Maintain, support, and enhance enterprise search applications and indexing pipelines running on Solr, Spark, Flume, AWS OpenSearch, and Linux-based infrastructure.
Perform operations and maintenance activities including patching, vulnerability management, system administration, monitoring, configuration management, and routine platform support.
Troubleshoot and resolve indexing failures, data issues, query syntax problems, relevance issues, and search performance degradation.
Monitor indexing jobs and platform health to ensure indexing SLAs and search/retrieval SLAs are consistently met.
Fine-tune search configurations, analyzers, synonyms, ranking logic, and index structures to optimize search relevance, indexing throughput, and retrieval performance.
Perform scheduled maintenance activities including weekly, monthly, and biannual data purges, index cleanup, retention-related tasks, and storage optimization.
Support quarterly bulk indexing operations, including large-scale reloads, synonym refreshes, name normalization, and post-load validation.
Work with source data stored in Microsoft SQL Server to investigate ingestion issues, validate upstream data quality, analyze indexing results, and review operational or search-related metrics captured after indexing.
Use SQL to query source and operational data, investigate discrepancies, support troubleshooting, and validate indexing outcomes and SLA-related metrics.
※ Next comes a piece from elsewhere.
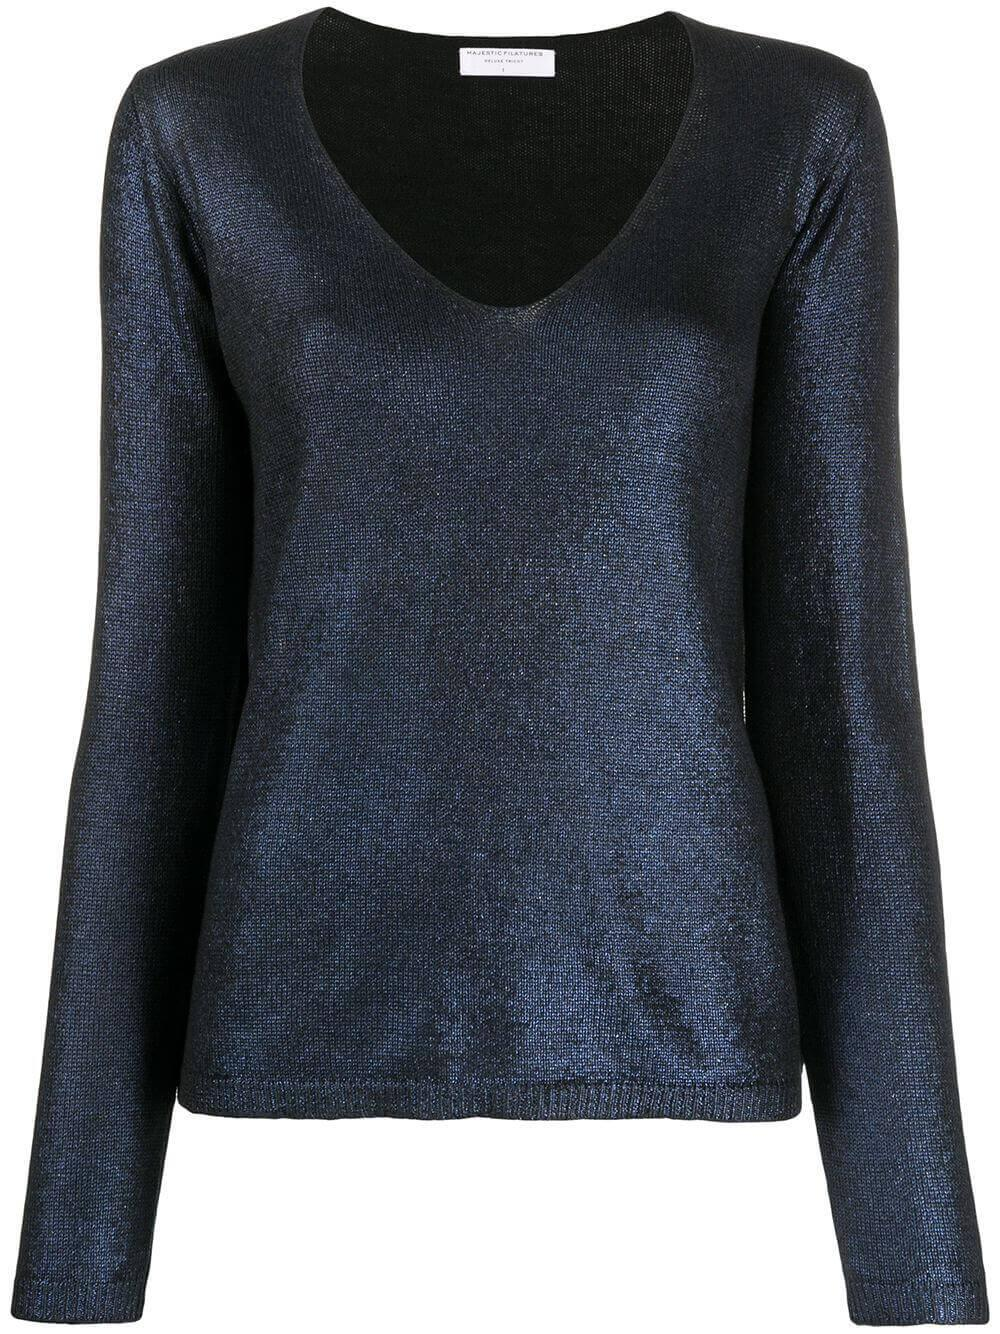 Metallic V- Neck Sweater Item # K069-FPU176

Use Azure Log Analytics and related monitoring tools to analyze logs, investigate failures, identify operational trends, and support root cause analysis for indexing, search, and data-processing issues.
Maintain awareness of Java-based source-to-target data comparison and validation tools, review their findings regularly, and address data quality, synchronization, and accuracy issues between source systems and indexed search platforms.
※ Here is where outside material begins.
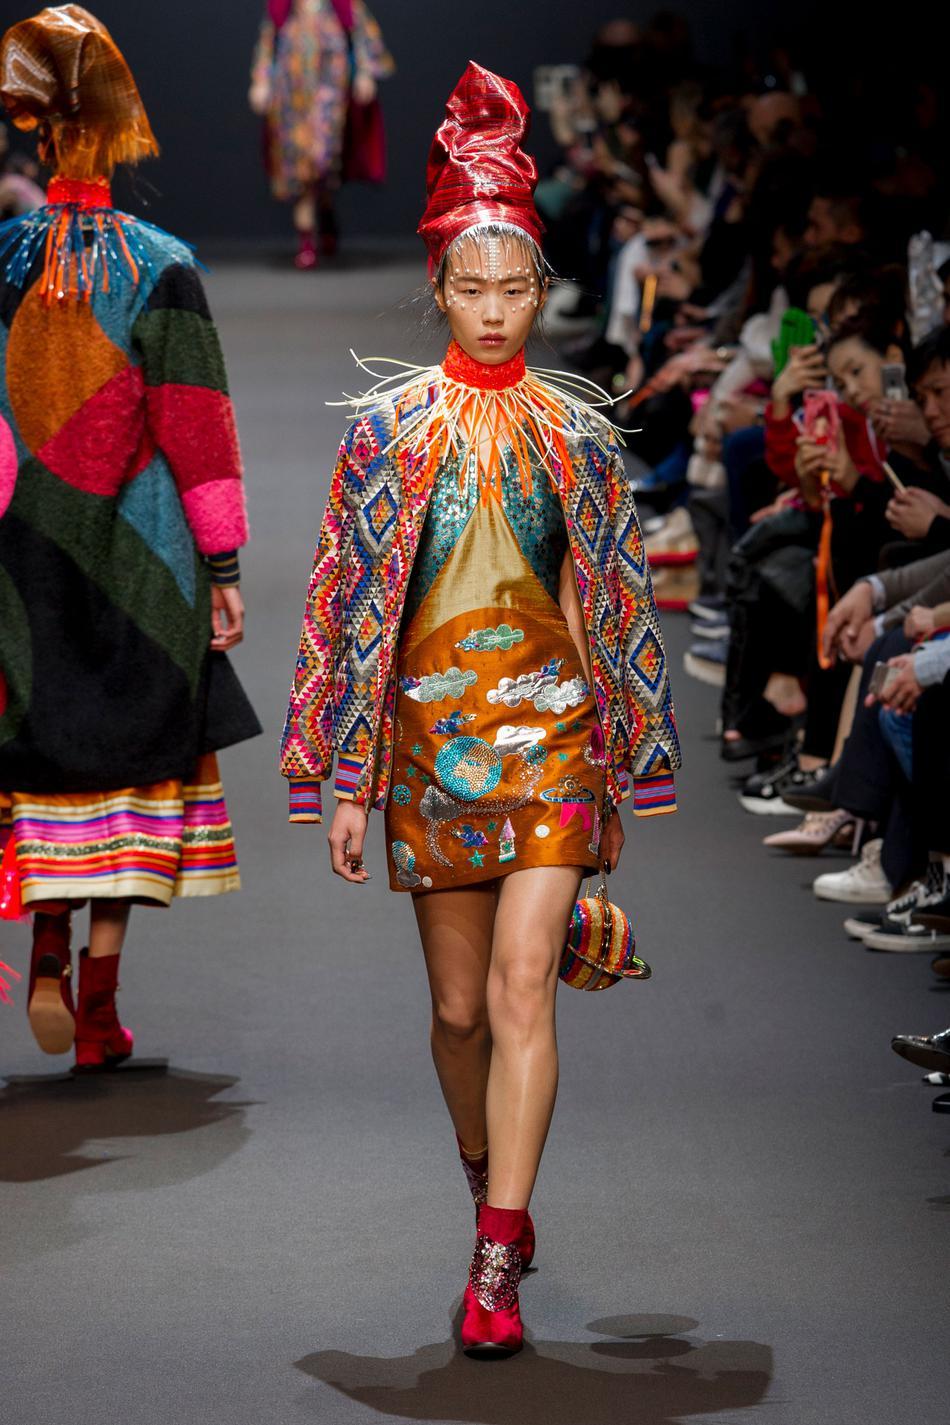 Défilé Manish Arora Fashion Week 2017 - Look 14

Investigate and resolve data ingestion, transformation, indexing, and retrieval issues across upstream and downstream systems.
Build and improve automation, scripts, and support tooling that increases reliability, reduce operational overhead, and improve observability.
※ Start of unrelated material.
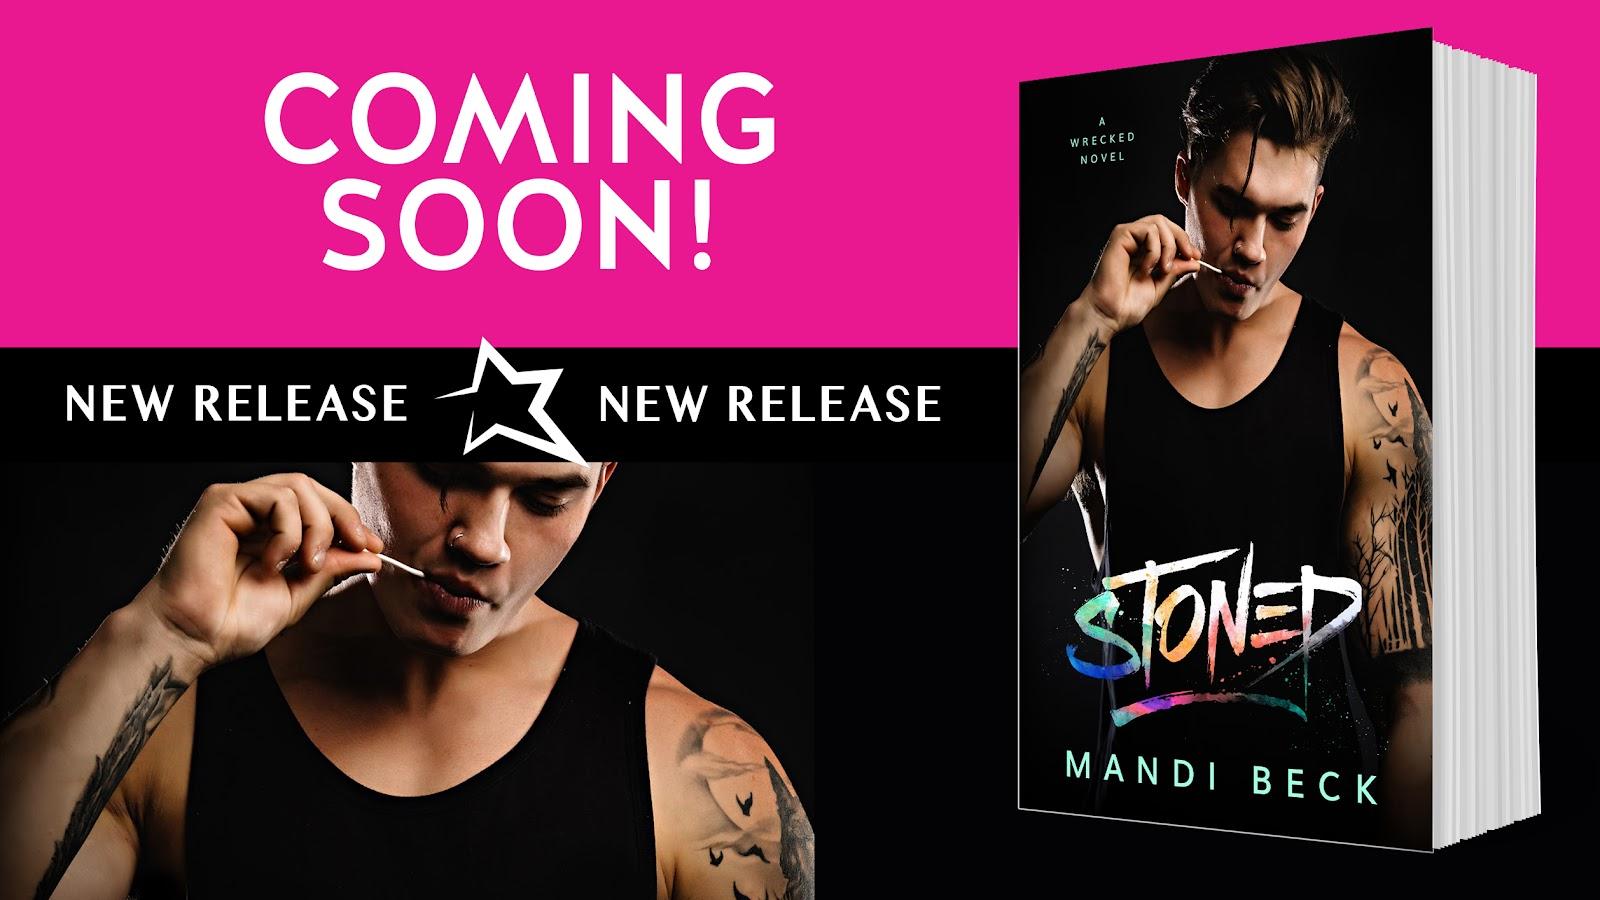 STONED_COMING_SOON.jpg

Support modernization of legacy search capabilities toward AWS OpenSearch, semantic search, vector search, hybrid retrieval, and RAG-enabled solutions.
Document procedures, runbooks, support processes, recurring maintenance activities, and operational findings, and collaborate with cross-functional teams to improve search quality and system stability.
Requirements
Bachelor’s degree in Computer Science, Engineering, Information Systems, or related field, or equivalent practical experience.
5+ years of experience in software engineering, enterprise search, search platform support, information retrieval, or large-scale data systems.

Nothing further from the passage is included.